B-lymphocyte subpopulations in patients with rheumatoid arthritis and the effect of an interleukin-6 receptor inhibitor on them.

The clinical efficacy and safety of interleukin-6 (IL-6) receptor blockade have been well studied, but the data on the impact of therapeutic inhibition of IL-6 on B cells are scarce and contradictory. Preliminary reports have shown that B cell function and a humoral immune response may be modulated by an IL-6 receptor inhibitor.
Objective: to assess the effect of 12-month tocilizumab (TCZ) therapy on B-cell phenotype and gene expression in RA and to analyze the association between B-cell subsets and RA activity.
Subjects and methods. Examinations were made in 24 active RA patients (20 women and 4 men) (median age, 55 [49; 64] years; disease duration, 72 [24; 108] months; DAS28 5.8 [5.3; 6.3]; the patients were seropositive for rheumatoid factor (RF) (100%) and for anti-cyclic citrullinated peptide antibodies (87.3%). The patients received TCZ 8 mg/kg every 4 weeks. After 12 months of therapy, 54% of patients were categorized as good responders, 46% as moderate responders according to the EULAR response criteria. A control group consisted of 29 volunteers (21 women and 8 men; median age, 58.5 [53.0; 62.0] years). Peripheral blood lymphocytes were immunophenotyped at the time of enrollment and after 12 months. The absolute and relative counts of CD19+B lymphocytes, memory B cells (CD19+CD27+), non-switched memory B cells (CD19+IgD+CD27+), switched memory B cells (CD19+IgDCD27+), naive (CD19+IgD+CD27-), double-negative (CD19+IgD-CD27-), transitional (CD19+IgD+CD10+CD38++CD27) B cells, plasma cells (CD19+СD38+), and plasmablasts (CD19+СD38+++IgD-CD27+CD20-) were estimated using multicolor flow cytometry.
Results and discussion. The relative and absolute counts of memory B cells (CD19+CD27+) (1.3 [0.9; 1.7]%, 0015 [0.001; 0.003]•109/l), switched memory B cells (CD19+IgD-CD27+) (6.8 [3.6; 11.6]%, 0.01 [0.005; 0.02]•109/l), and the absolute number of transitional B cells (CD19+CD38++CD10+IgD+CD27-) (0.00009 [0; 0.00028]•109/l) were found to be lower in RA patients than in donors: 2.2 [1.1; 3.0]%, 0.003 [0.001; 0.007]•109/l; 12.8 [9.3; 17.0]%, 0.02 [0.01; 0.04]•109/l; 0.0001 [0; 0.0003]•109/l, respectively (p<0.05 for all cases). After 12 months of TCZ therapy initiation, there were decreases in the relative and absolute counts of plasmablasts (CD19+CD38+++CD27+IgD-CD20-) from 0.15 [0.1; 0.3] to 0.1 [0.01; 0.1]% and from 0.0003 [0.00007; 0.004]•109/l to 0.0001 [0; 0.0003]•109/l, respectively (p<0.05).

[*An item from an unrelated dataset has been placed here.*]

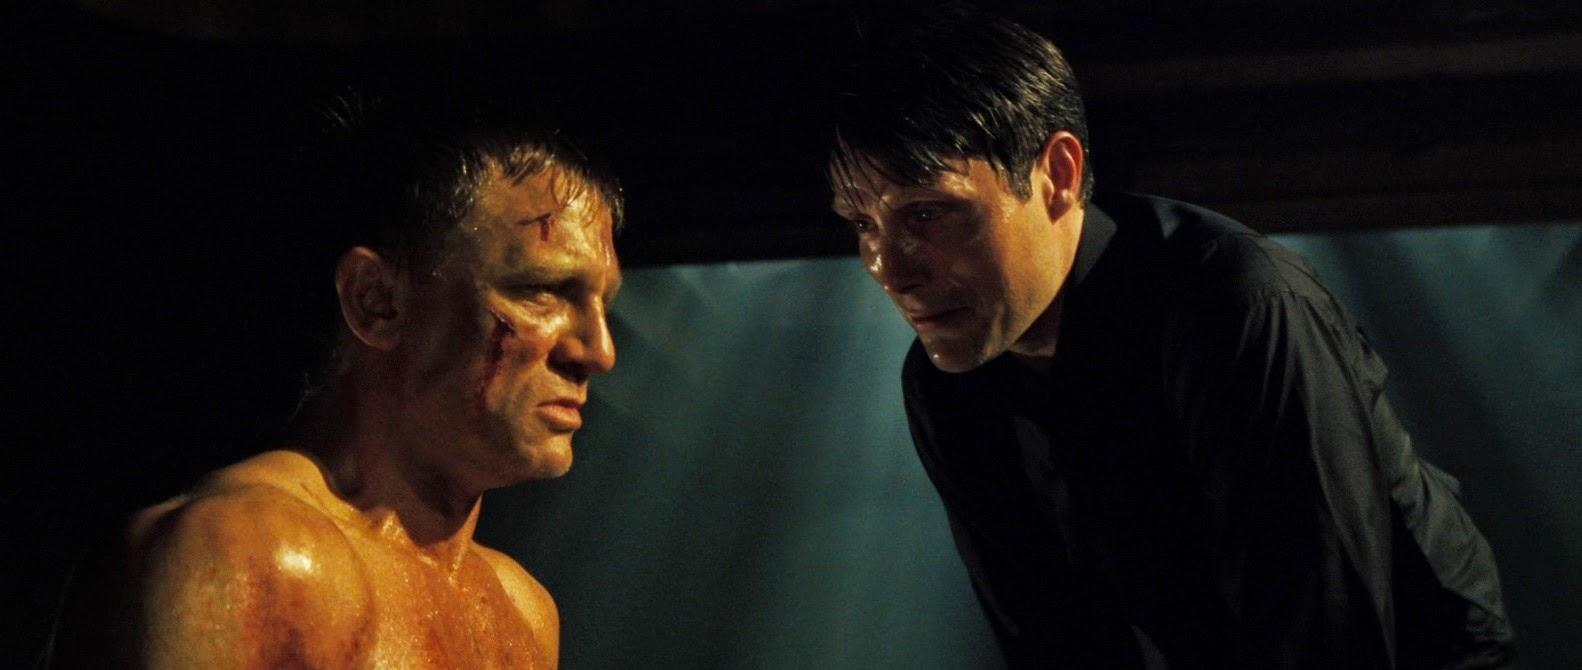 Svettigt möte mellan James Bond och Le Chiffre. Foto: United International Pictures.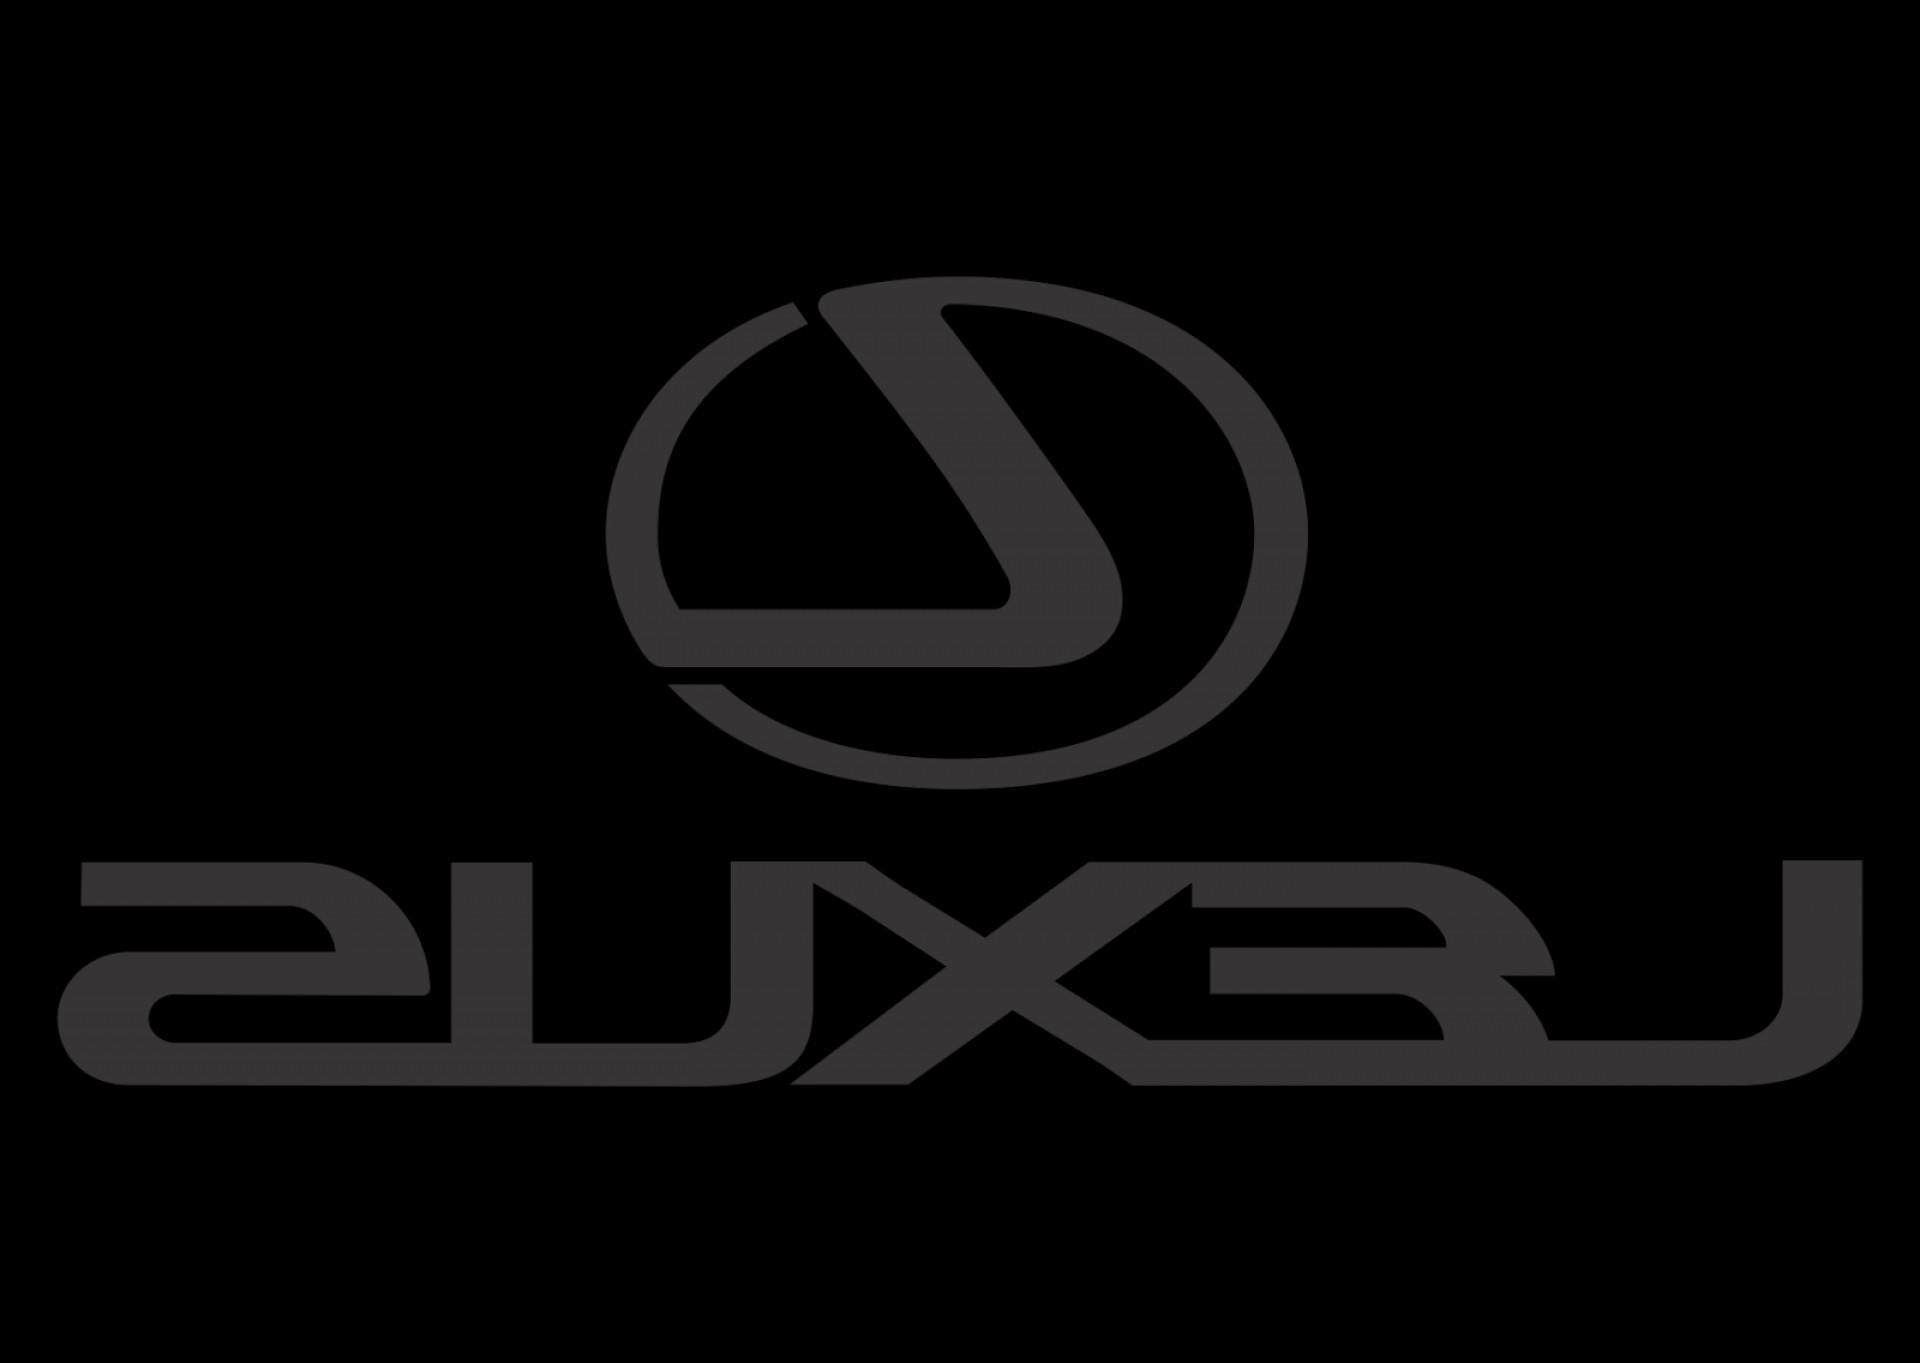 1920x1363 Lexus Auto Logo Vector Png Arenawp

At the same time, the relative and absolute counts of memory B cells (CD19+CD27+) and switched memory B cells (CD19+CD27+IgD-) remained lower in RA patients than in donors: 1.0 [0.7; 1.2] and 2.2 [1.1; 3.0]%; 0.001 [0.006; 0.003]•109/l and 0.003 [0.001; 0.007]•109/l; 3.1 [1.1; 4.2] and 12.8 [9.3; 17.0]%; 0.003 [0.002; 0.006]•109/l and 0.02 [0.01; 0.04]•109/l, respectively (p<0.05 for all cases). Following 12 months of TCZ therapy, the numbers of other B-cell subpopulations were not considerably altered. When included in the study, the patients with RA showed correlations between the absolute count of memory B cells (CD19+CD27+) and the level of C-reactive protein (r=0.50; p<0.05); between the absolute count of plasmablasts (CD19+CD38+++CD27+IgD-CD20-) and the level of RF (r=0.41 and r=0.52; p<0.05). There were no correlations of B cell subsets with clinical and laboratory findings after 12 months of TCZ initiation.
Conclusion. Immunophenotyping of peripheral blood B lymphocyte subsets showed the lower relative and absolute counts of memory B cells (CD19+CD27+) and switched memory B cells (CD19+CD27+IgD-) in RA patients than in healthy donors. The found correlations between the counts of memory B cells and plasmablasts and the values of laboratory parameters in patients with high RA activity may suggest that B lymphocytes are involved in the pathogenesis of RA. There was a decline in plasmablast levels after 12 months of TCZ therapy.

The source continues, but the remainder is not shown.